The First Few Lines Of Beowulf
How much control do we have over our own lives? Do we really have any power over our own fate? Does Gods will triumph over our personal decisions? These are questions that we may ask ourselves today, but have also been pondered since the medieval times and surely long before then. In the epic poem Beowulf, the idea of fate is implicitly prominent. Yet Anglo-Saxons were wrestling with religion when the classic poem was finally transcribed, possibly a century after it was first told.
It is apparent when reading Beowulf that many were grappling with the question of fate versus free will or even Gods will, as the ideas reappear throughout the work. But the theme of fate is so strong that it is obvious that it was a solid force in the lives of the people of this time.

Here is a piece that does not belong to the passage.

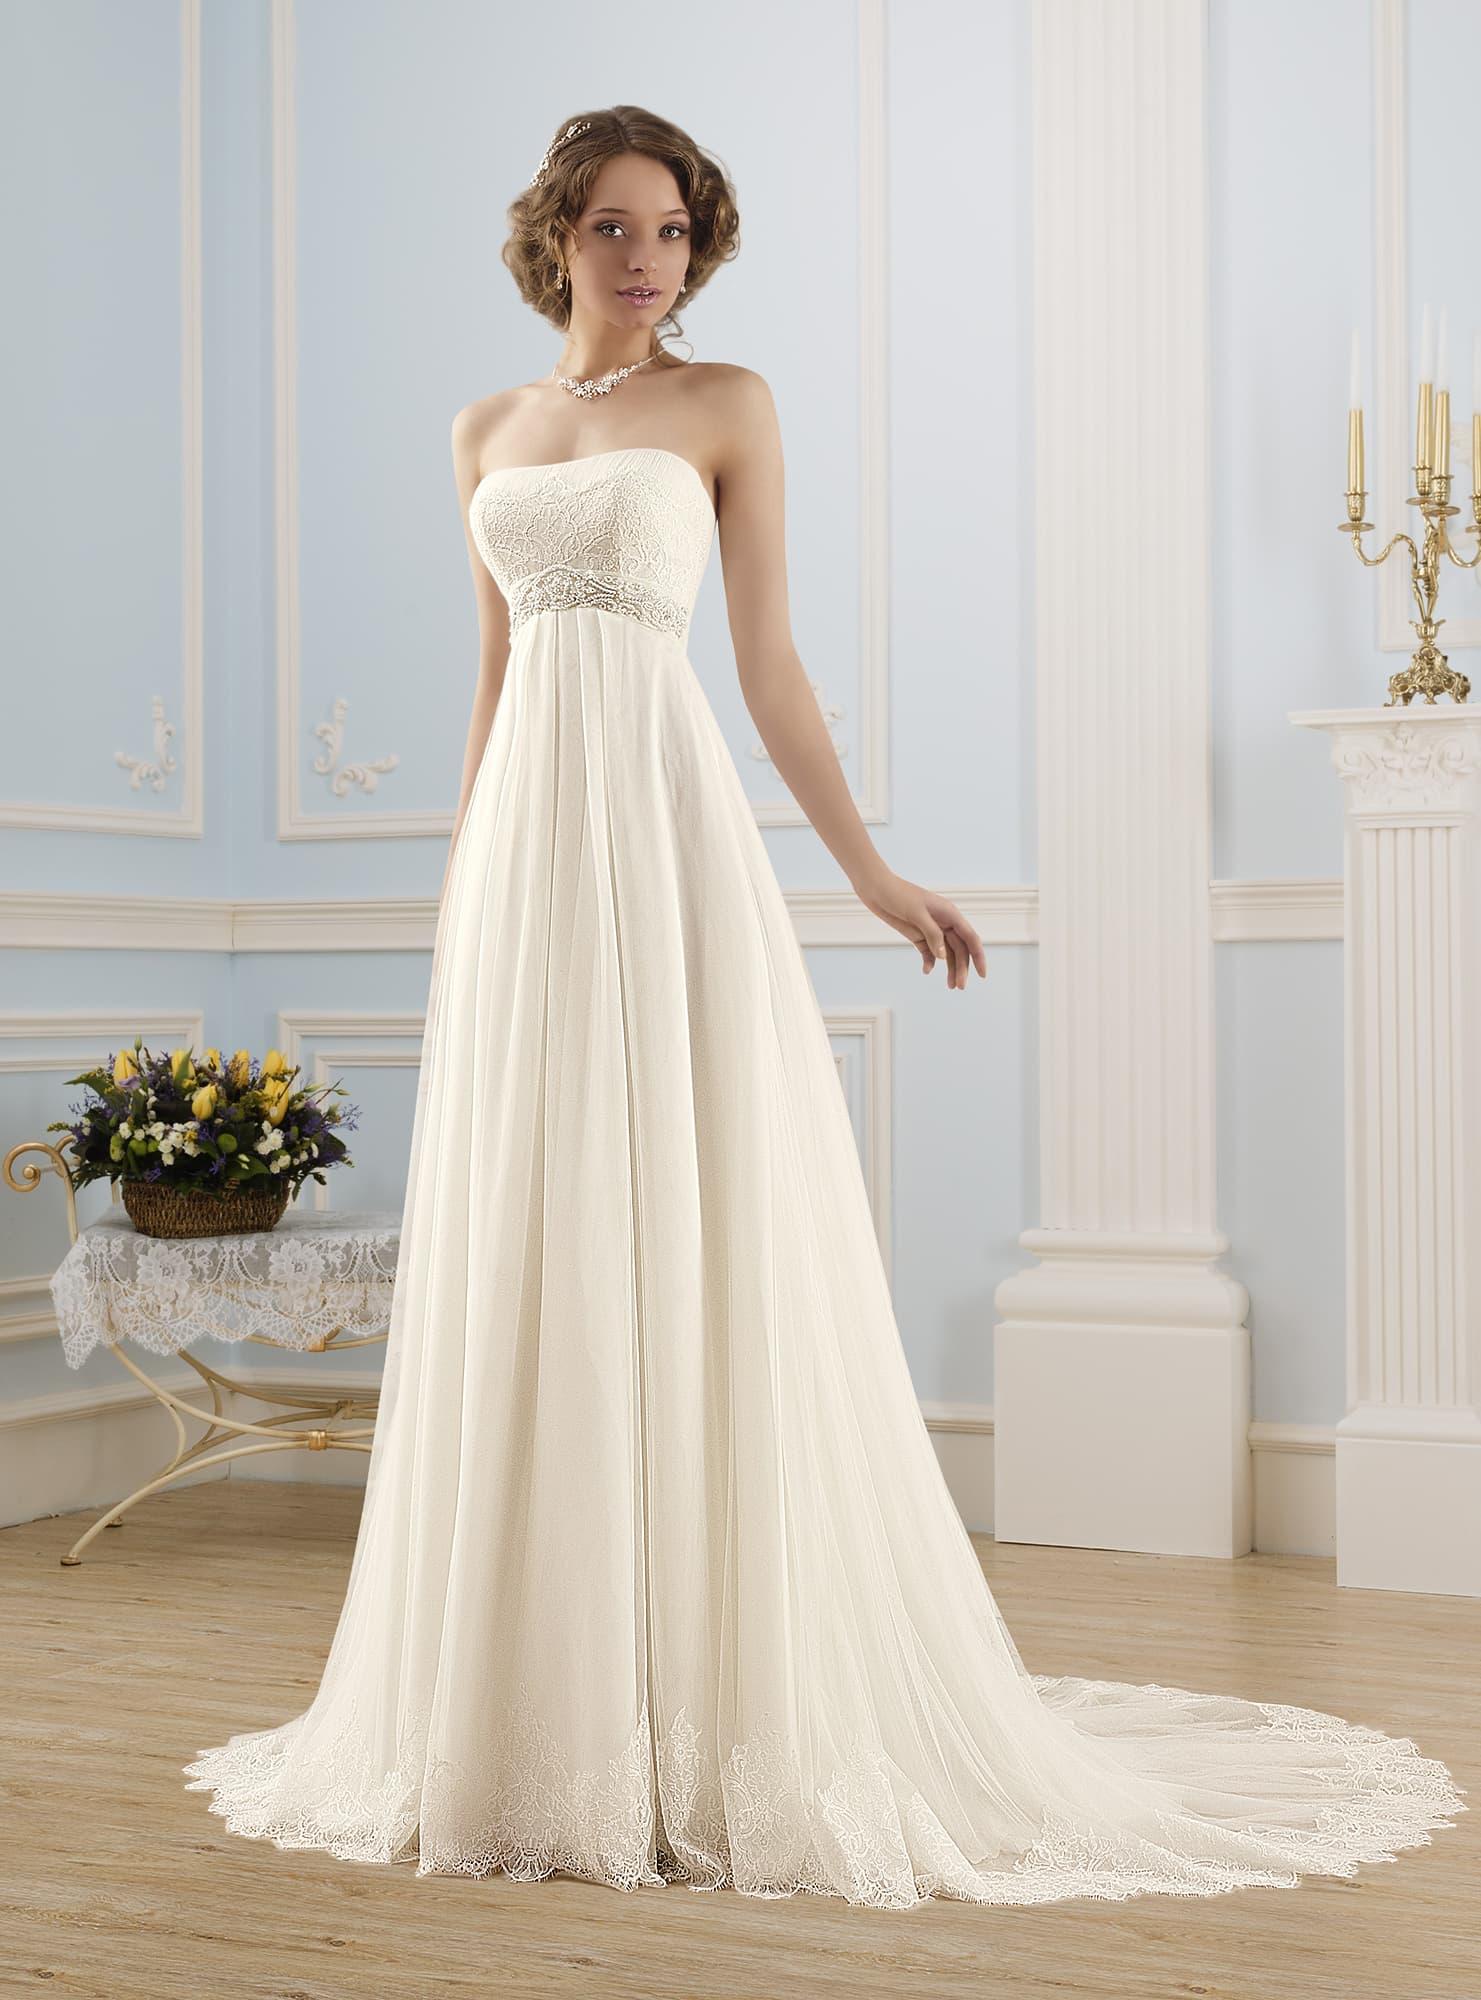 86ac40195577c1d Свадебное платье ампирного силуэта с прямым лифом, украшенным кружевом.
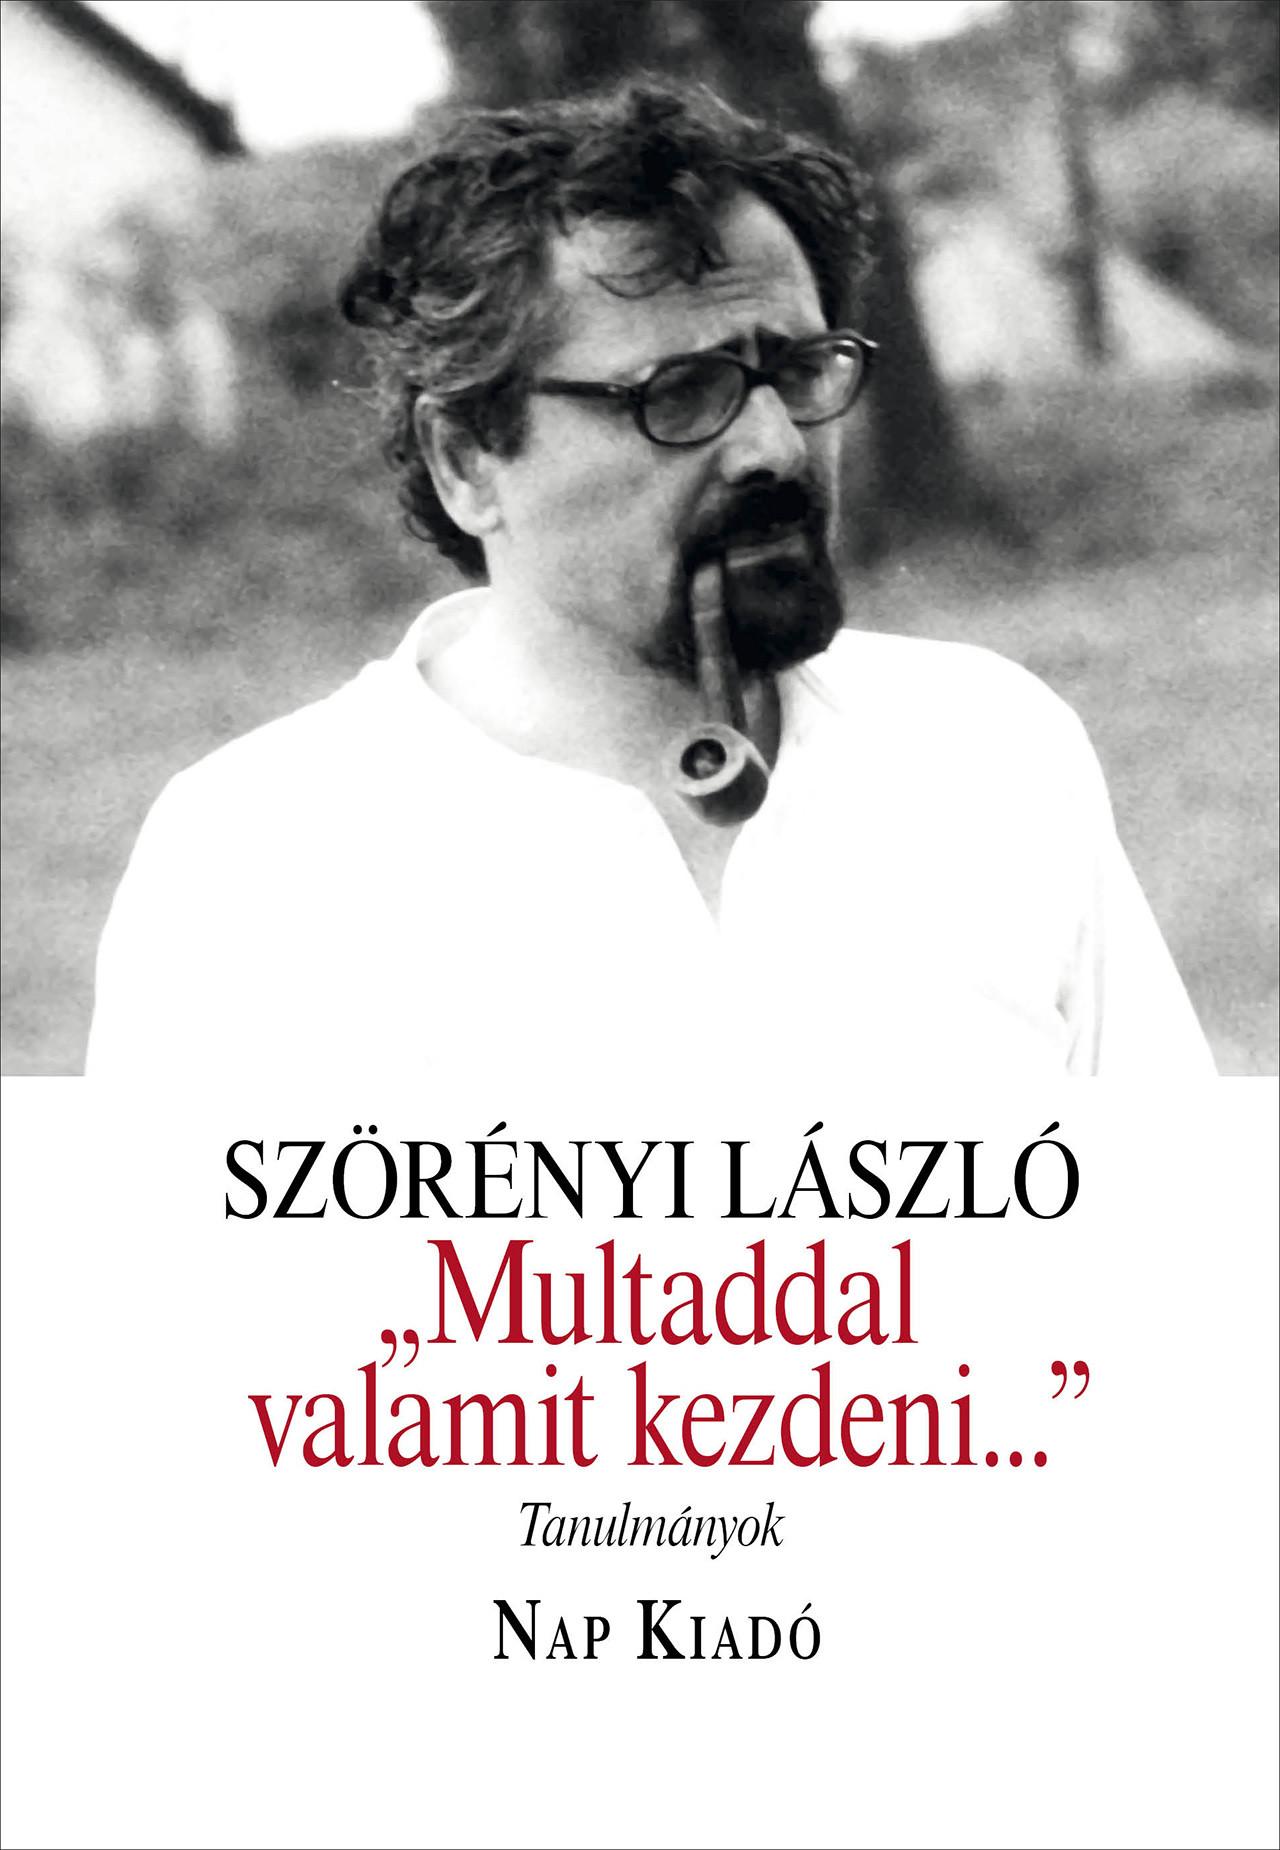 Szörényi László - Multaddal valamit kezdeni...

Beginning in the first few lines of Beowulf, the narrator alludes to the incidents of misfortune that are to come for our epic hero. There is an instant feeling of foreboding after beloved leader, Scyld Scefing dies, shut off as fated (26). Later, Fate cast no shadow, although many a man was marked to suffer (1233-1234). Although we as readers are clued in pretty early on that fate will play out in this tale, there are also conflicting Christian references to Gods will.
It is believed that the monks may have been the first to record the poem, so it is hard to know for sure if the Christian tones were added after the fact. Nonetheless, we must take them in to account when analyzing the work.
To reference the introduction to the poem again but with a Christian perspective alluding to Gods will to compensate for their leaders death:
To him [Scyld] a boy was born, a baby in the homestead,
whom God grants us as a gift and comfort
to ease the people. He apprehended
dire trouble dogged those destitute people.
But the Lord of life, Leader of heaven,
offered them honor, earthly requital. (12-17)
The principal or power of fate is now coupled with religious ideals stating that the Lord of life will honor his people. We will find that throughout Beowulf, whenever any men succeed at accomplishing heroic feats, the narrator is quick to point their great accomplishments to God’s favor and His divine plan. Whether this was indeed a subsequent addition by a transcriptionist, as opposed to how the original storytellers felt, we may never know.
Beowulf himself symbolizes a response to fate; his good deeds, such as remaining loyal to Hrothgar and coming to save his town from Grendel, act as an answer to the role of fate. In this poem, fate may justify why particular events have happened altogether. In fact, in Old English the word wyrd was used for which events are predetermined, fate, doom, or destiny and this concept seemed to drive the classic work.
In Hrothgars meadhall, when defending his legendary swimming feat to Unferth, Beowulf says that Fate often saves an undoomed man when his courage is good supporting that he does ultimately believe in a sense of fate and purpose. There is conflict between fate and Gods will, continually at ends, and the mixing of paganism and Christianity. It seems that Beowulf may regard courage as a possible intervention of fate.
Throughout the poem however, there are countless allusions of God serving as a protector to the warrior. After Grendels defeat, when Beowulf tells of the battle to his mother, he declares how “Straightway the struggle would have stopped outright had God not granted the gift of protection” (1657-1658) and thereafter that He [God] has guided abandoned ones and friendless (1663-1664). Despite his obvious skill and self-confidence, Beowulf is clear of receiving God’s help, and in turn, prevailing over Grendel.
There is the obvious Biblical connection of Grendels stated lineage to Cain from the story of Cain and Abel in Genesis. In that story, the two brothers took part in a feud, which ended in Cain killing Abel. Grendel, being descendant of a man who killed his own brother, is a clear representation of evil. One may reflect whether it was his fate to become the villain he was in Beowulf or rather he was a possible symbol of sin. Grendel continues to fuel the struggle between pagan fate and Christian will in the tale.
A tale such as this, told over and over throughout the years is sure to have been open for not only interpretation but also alteration as it went from one scop, or storyteller, to the next. We do know that the initial manuscript was partially damaged in 1731, opening up one more way for the original to have been modified. The fact is that whether or not the unknown author of Beowulf intended a correlation between the concept of fate and Gods divine will is something we will never surely know.